We'll never know if Sanders could have beaten Trump. But we do know that Clinton couldn't.

Expand full comment

The worst possible outcome for the Democratic Party is an internal civil war over who gets to replace Biden followed by a loss in November anyway. The problem is that Harris, as the vice president, is the obvious and natural successor to Biden. If she's passed over I think there will be chaos.

At least if she loses in 2028 Democrats will be able to argue that she simply was not competitive in an open and fair nominating process.

Expand full comment

People take as given that an "internal civil war" in the party is bad, but I just don't see evidence of this. Obama v Hilary in 2008 brought *tons* of people into the electoral process. They phone-banked and volunteered. Caucuses were packed full with record numbers of participants. Sure, I don't think the party did a good job of retaining that energy, but I don't see any evidence at all that it was harmful to the party itself

Expand full comment

I think the issue is that, unlike in Obama versus Clinton, the racial minority would lose this time out. Cue the inevitable cries of "racism".

Would it prove fatally disruptive to November or the Democratic Party? I don't know but I suspect it circles back around to the question a lot of observers have been asking for a while now: has woke peaked?

Expand full comment

I also think Obama was a talented orator and inspirational candidate (quite aside from his race).
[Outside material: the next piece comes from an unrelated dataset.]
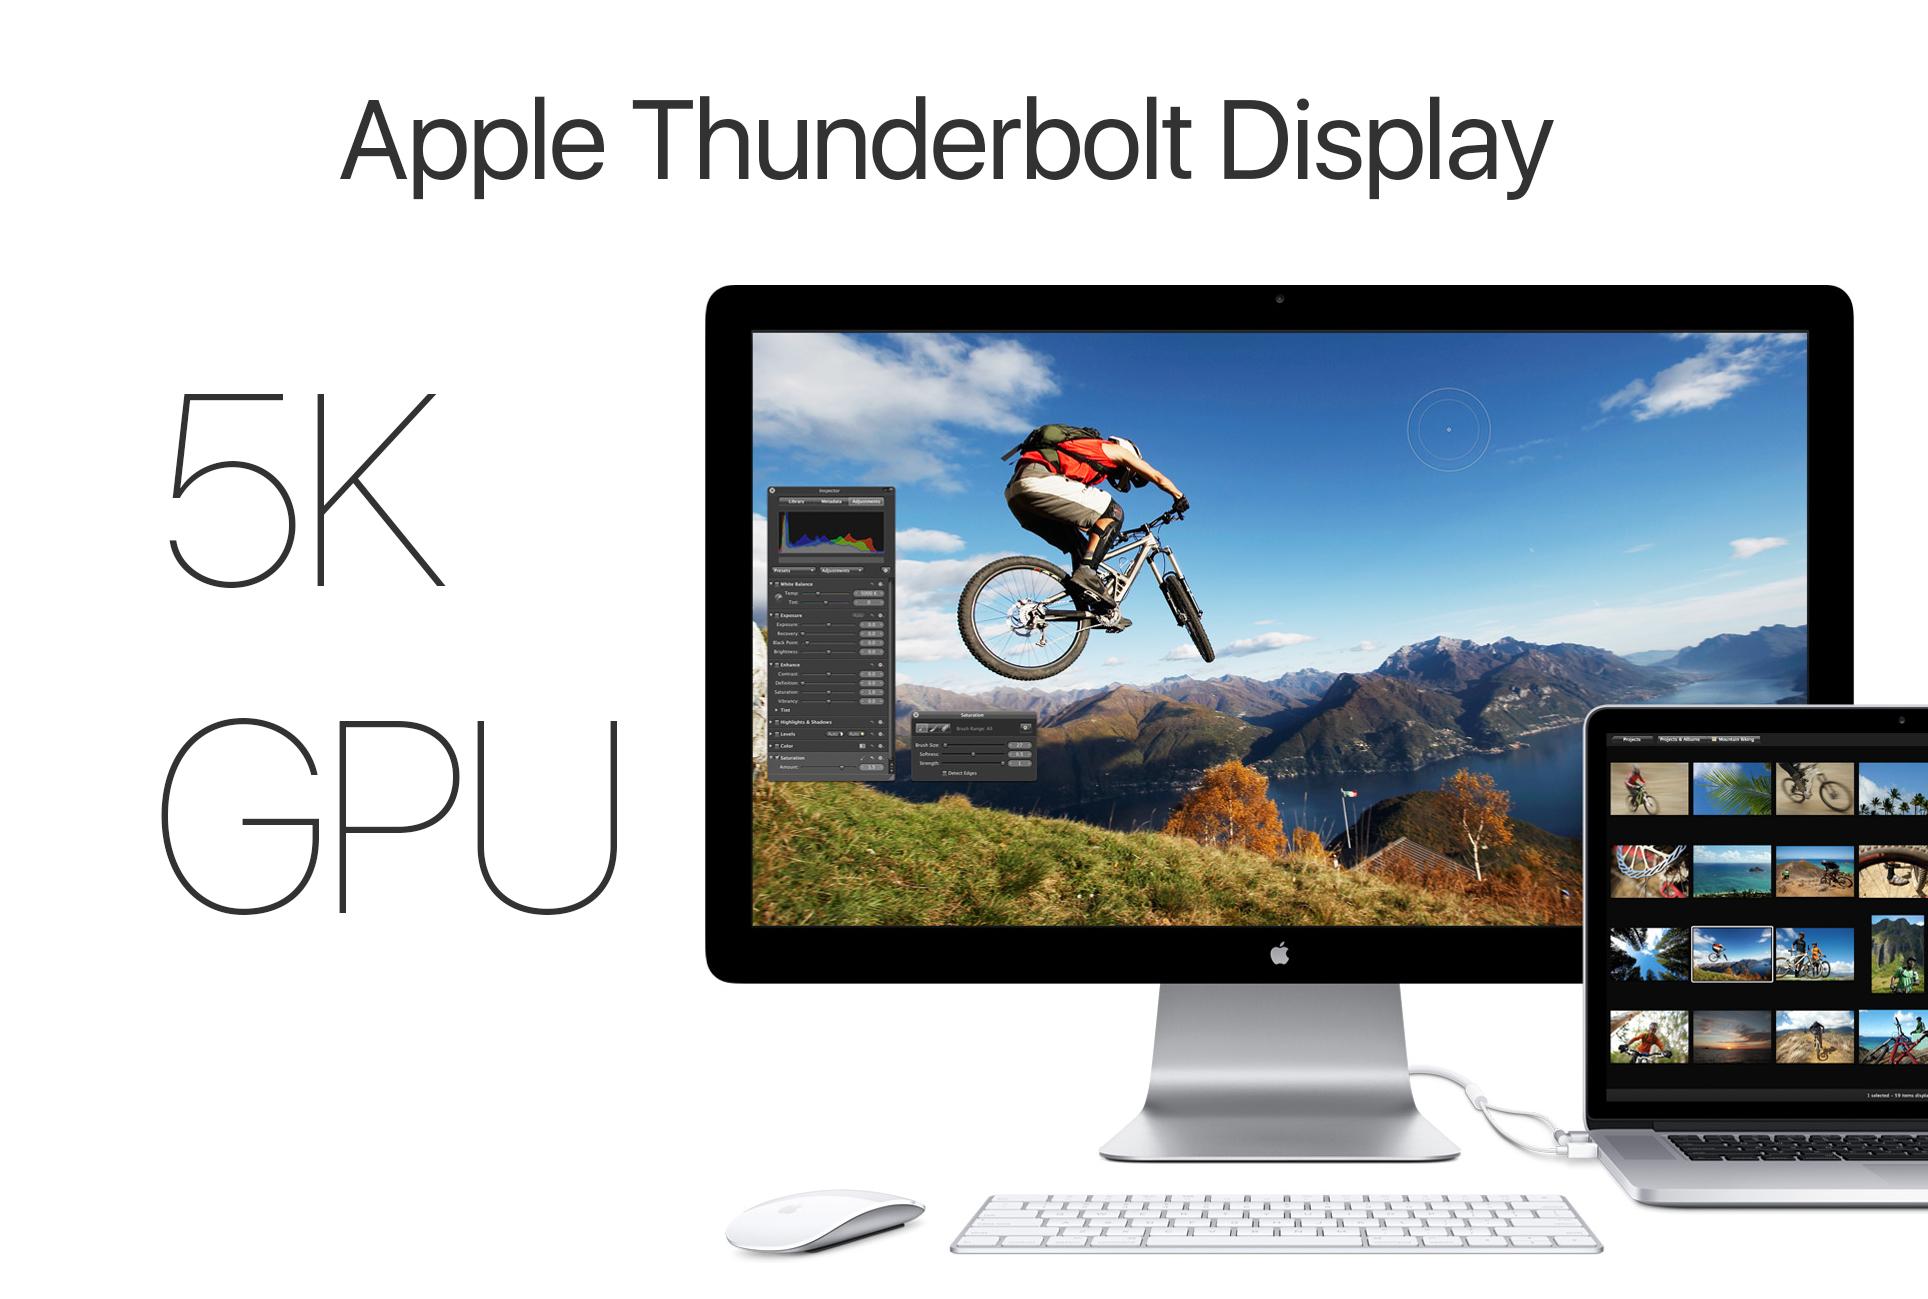 apple_thunderbolt_display_5k_gpu_2016

No such candidate appears waiting in the wings at the moment.

Expand full comment

No, that is not the worst possible outcome. The worst possible outcome for the party is that Biden wins. Then nothing will be learned. I think, long term, a nasty war is the best thing for the party. Yeah, it won't win them 2024 (barring some miracle), but it will provide a badly needed sense-making process.

Expand full comment

Yeah, I think it's very possible that after November centrists like Ruy Texeira, Carville, etc. take the reins of power and the woke set is banished out of the political sphere and back to college campuses. Bill Clinton represented the Democrats deciding that they were sick of losing because of political correctness. I have to wonder if somebody like Fetterman will play that role in 2028.

Expand full comment

There is no scenario in which your nominee winning an election is the worst possible outcome.

Expand full comment

It's only the worst possible outcome if you see the party's direction as self-destructive, and if you can see beyond the results of any given election.

Expand full comment

I suspect you likely think this because you very much want Biden to stay in so Trump wins more easily. That's just my hunch.

Expand full comment

Harris loses to Trump too. Anybody who takes up the Democratic nomination for this election is going to be tainted.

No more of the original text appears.